# St. Paul, MN



## n.hubb22 (Aug 20, 2011)

does anyone know of a good location to get a skyline shot of st Paul?  I live in MPLS, and have found numerous locations for it, but I just never get to the other twin!  

im thinking somewhere off of selby/summit aves maybe?  I dunno?  if anyone is willing to give up their "secret " spot haha

cheers


----------



## RauschPhotography (Aug 20, 2011)

Prospect Park in Minneapolis is an awesome location to get a night shot of the skyline. Head up towards Witch Hat's tower and bring a tripod.


----------



## n.hubb22 (Aug 20, 2011)

RauschPhotography said:


> Prospect Park in Minneapolis is an awesome location to get a night shot of the skyline. Head up towards Witch Hat's tower and bring a tripod.
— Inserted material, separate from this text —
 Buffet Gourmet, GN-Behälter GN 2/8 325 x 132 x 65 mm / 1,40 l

Can you get a good view of st paul from there?   Ive been over by the witch hat's tower before but its been a few years.  Id love to be able to get up to the top of that tower, but if i remember right the door at the bottom was locked last time I was there.


----------



## RauschPhotography (Aug 20, 2011)

n.hubb22 said:


> RauschPhotography said:
> 
> 
> > Prospect Park in Minneapolis is an awesome location to get a night shot of the skyline. Head up towards Witch Hat's tower and bring a tripod.
> ...



You don't have to be in the tower to get a shot of the skyline, but you'll be shooting the MPLS skyline instead. Not sure where to get the St. Paul view, honestly. Minneapolis has always been more of my city


----------



## n.hubb22 (Aug 21, 2011)

RauschPhotography said:


> n.hubb22 said:
> 
> 
> > RauschPhotography said:
> ...



indeed, but i know a bunch of good spots for mpls skylines, hence my desire to shoot st paul!


----------



## Stradawhovious (Aug 22, 2011)

I'm curious to know as well.  I have found exactly 1,624 places to shoot the Mpls skyline, but none of it's convoluted sister St. Paul.
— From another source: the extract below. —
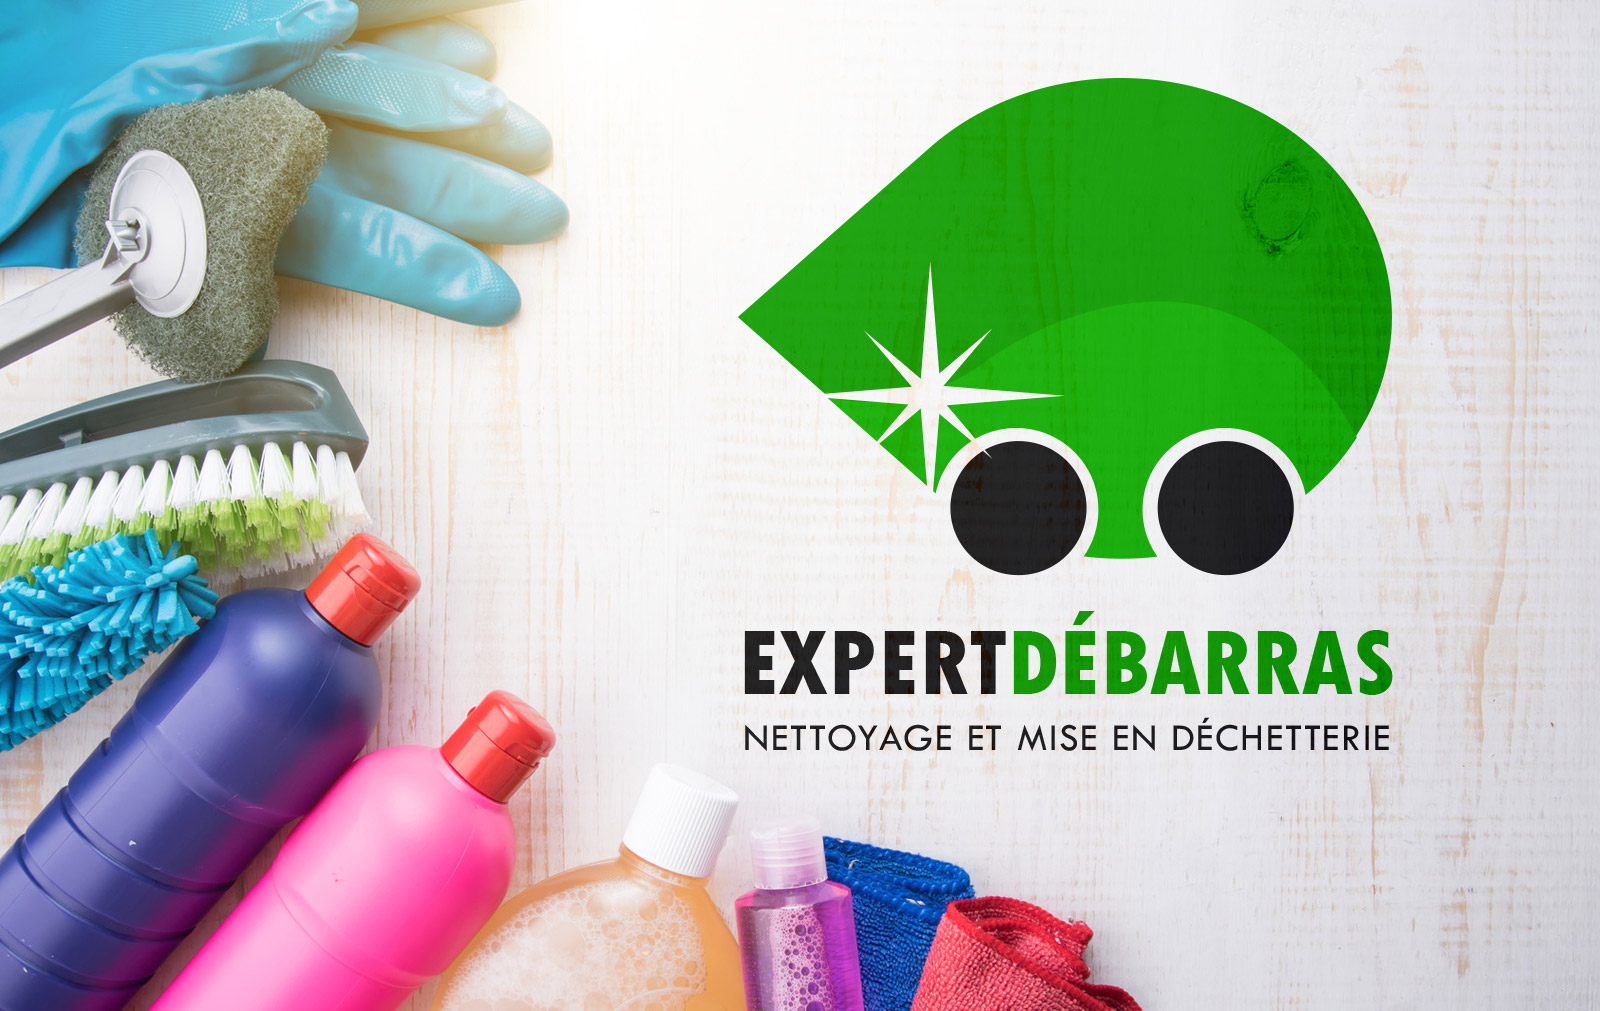 Chez nous, l'expertise n'est pas un vain mot. Nous mettons tout en œuvre pour nettoyer votre maison du sol au plafond, voire désinfecter quand c'est nécessaire.

Even up for a meet of local photogs in the area for some shutters and suds.


----------



## jcradford (Sep 10, 2011)

I believe Mounds Park has a decent skyline shot to the west where many shots have been made. Been yrs since i was there. (Followup edit -- here's a photo made there .... 

http://en.wikipedia.org/wiki/File:St_Paul_Skyline_7_11_2007.jpg -- author is Telepwn.


----------